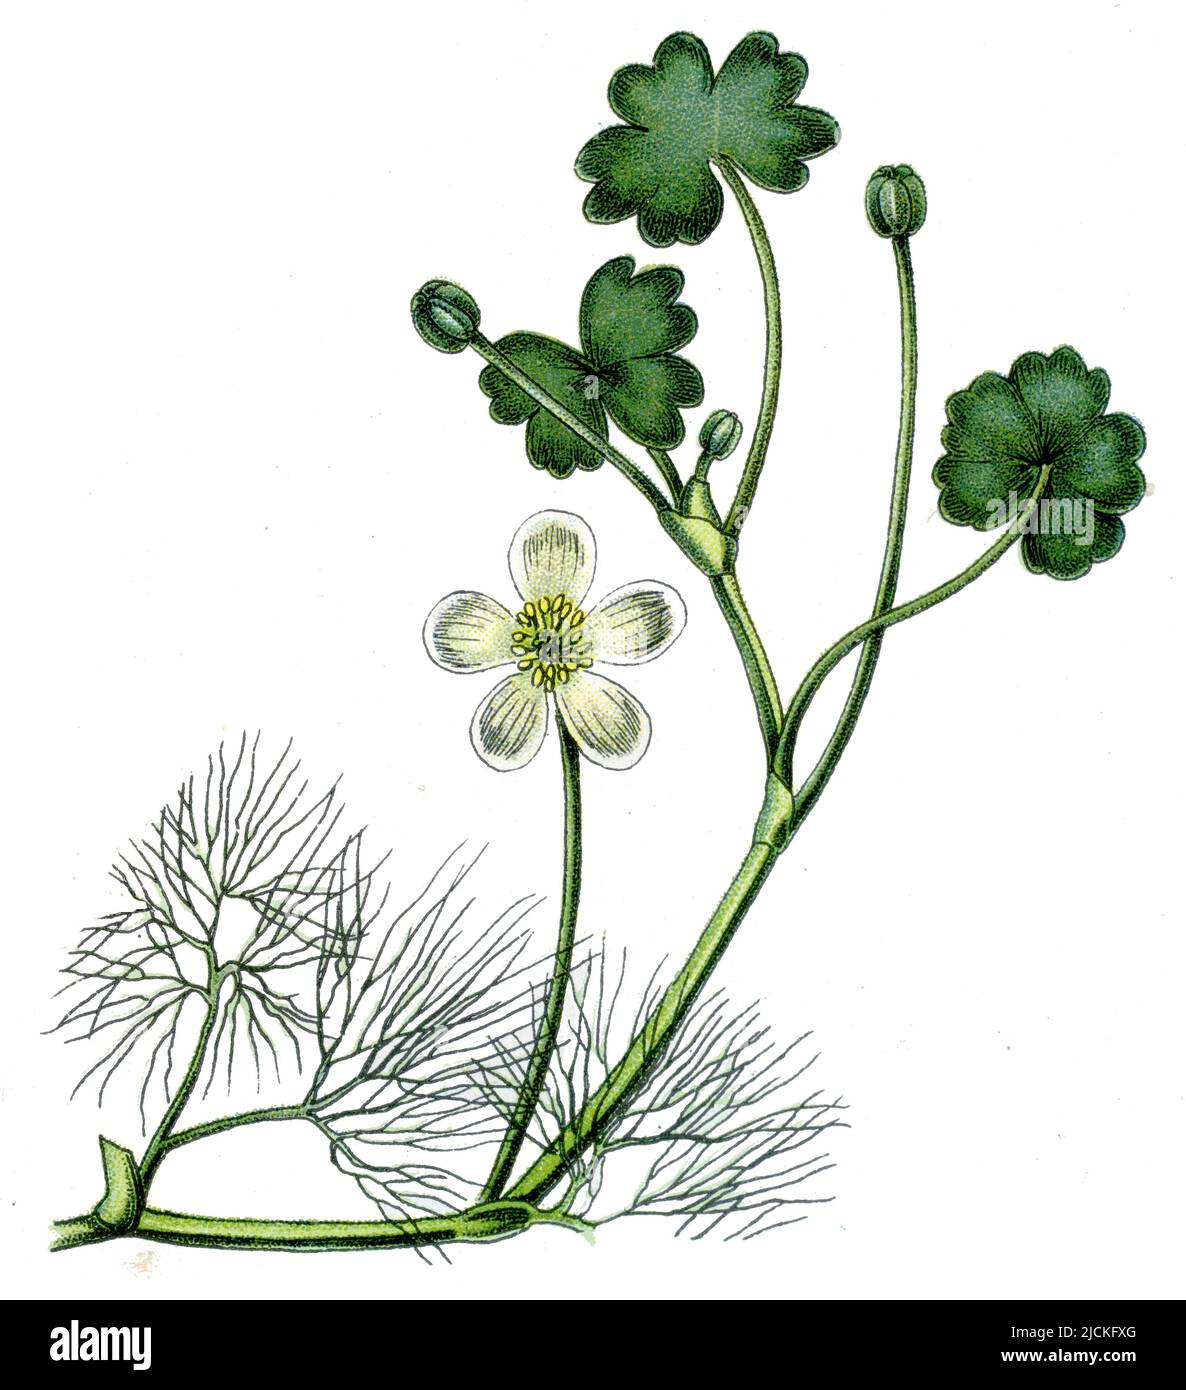 fiume acqua-crowfoot Ranunculus fluitans, (botanica libro, 1909), Flutender Wasserhahnenfuß Foto Stock
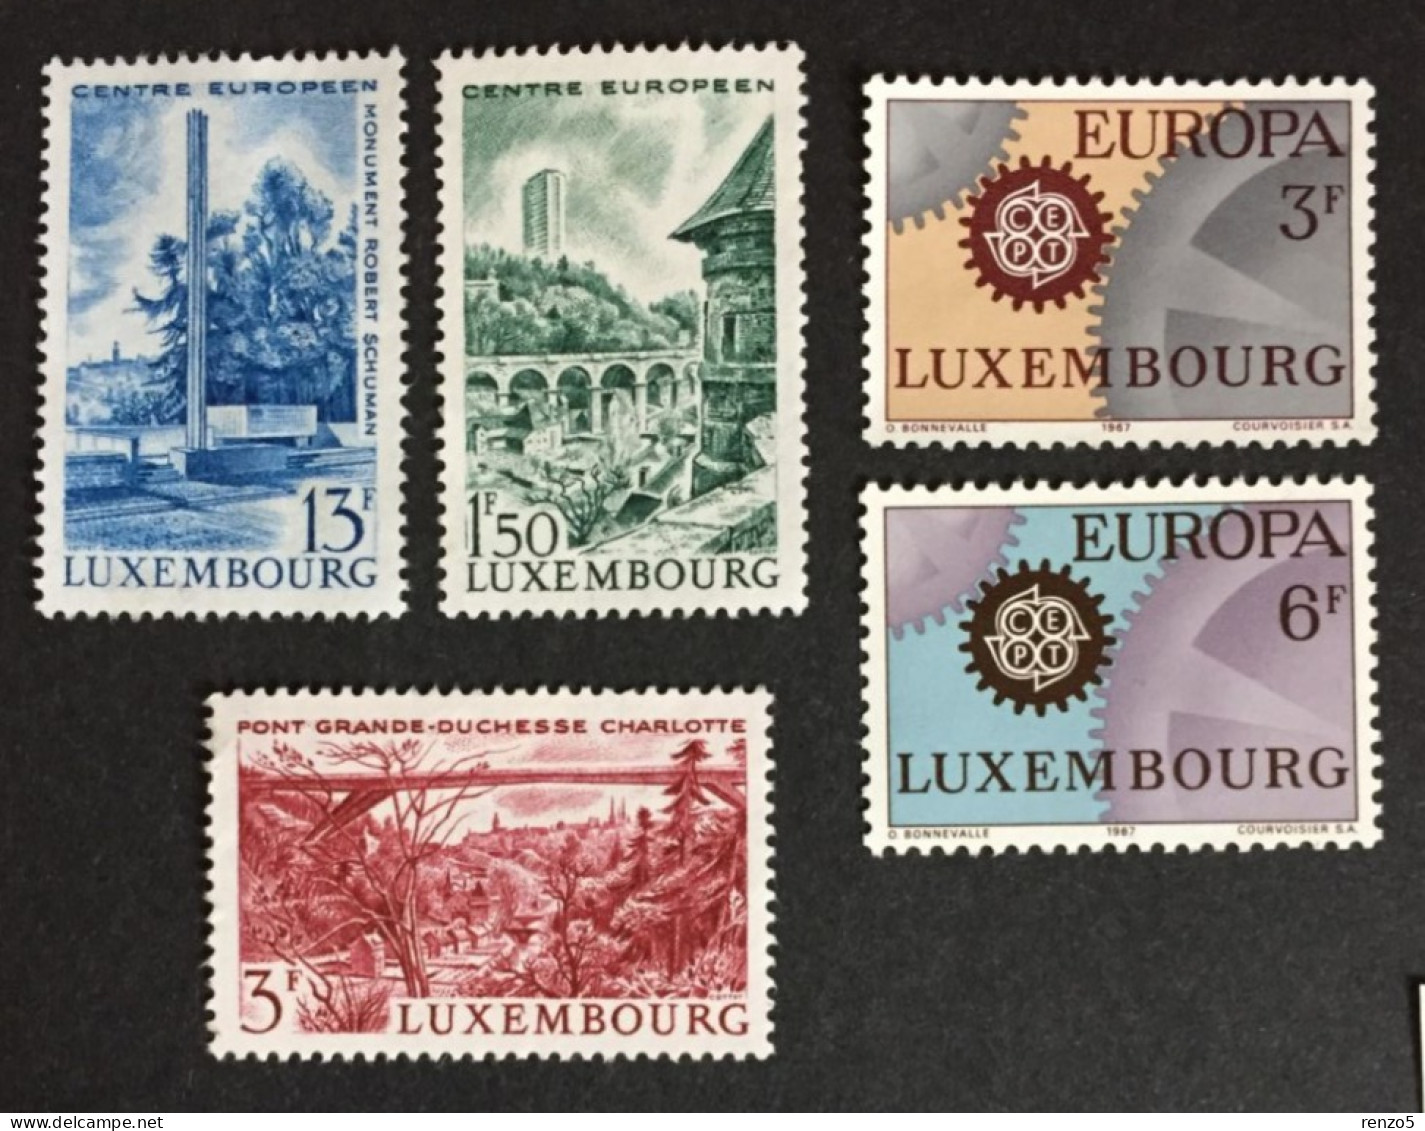 1966 Luxembourg - Tourism Landmarks, Europa CEPT, Lux European Center - Unused ( No Gum ) - Nuovi
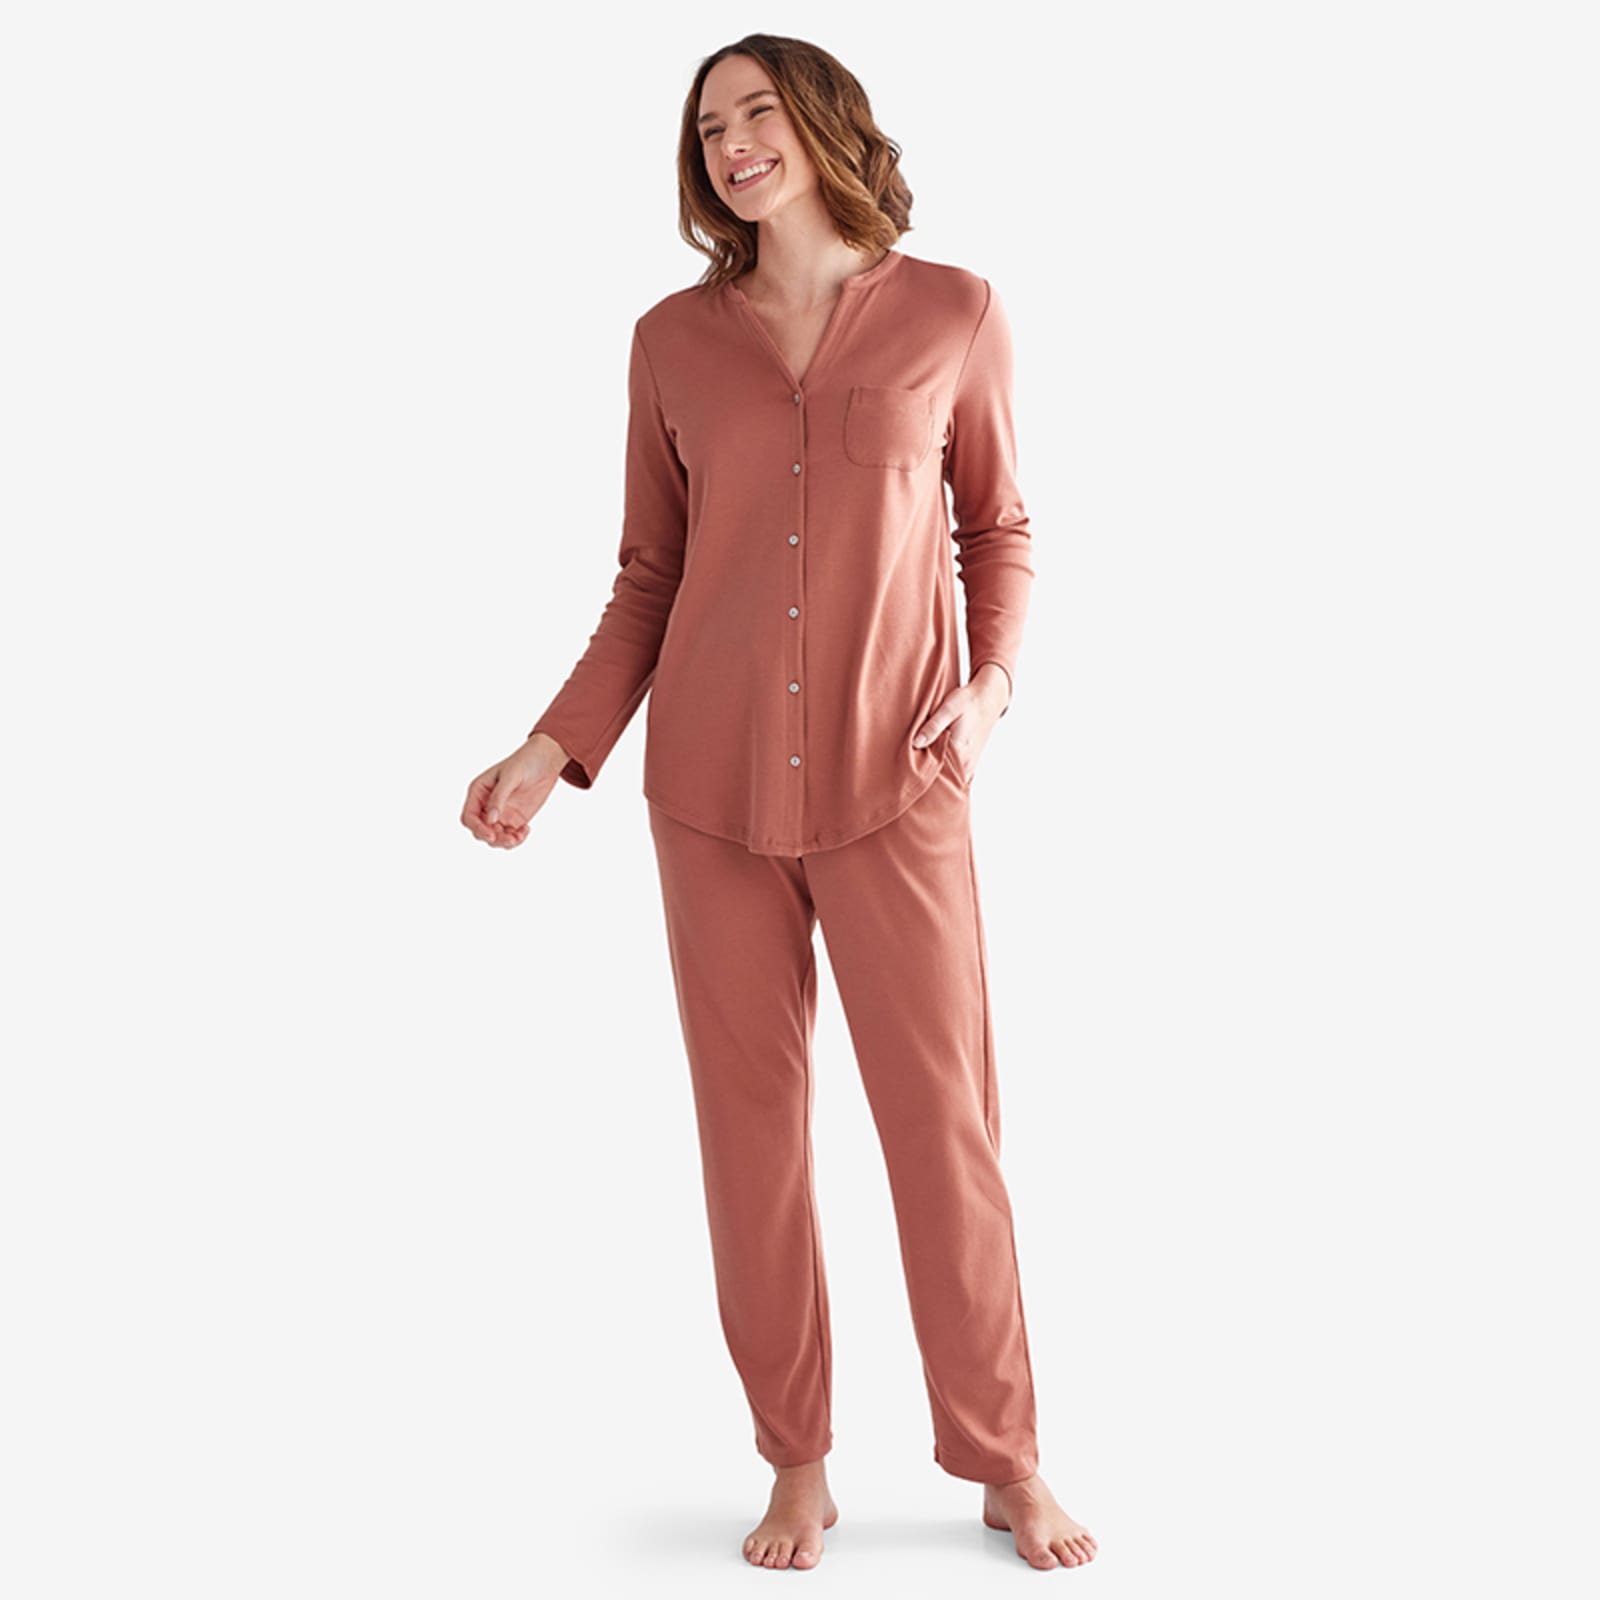 Pima Cotton Women's Pajamas, Incredibly Soft & Cozy

=== WORK TO COMPLETE ===
From the material above, copy everything exactly but the pictures.

=== RESULT OF THIS EXERCISE ===
 fiume acqua-crowfoot Ranunculus fluitans, (botanica libro, 1909), Flutender Wasserhahnenfuß Foto Stock
 1966 Luxembourg - Tourism Landmarks, Europa CEPT, Lux European Center - Unused ( No Gum ) - Nuovi
 Pima Cotton Women's Pajamas, Incredibly Soft & Cozy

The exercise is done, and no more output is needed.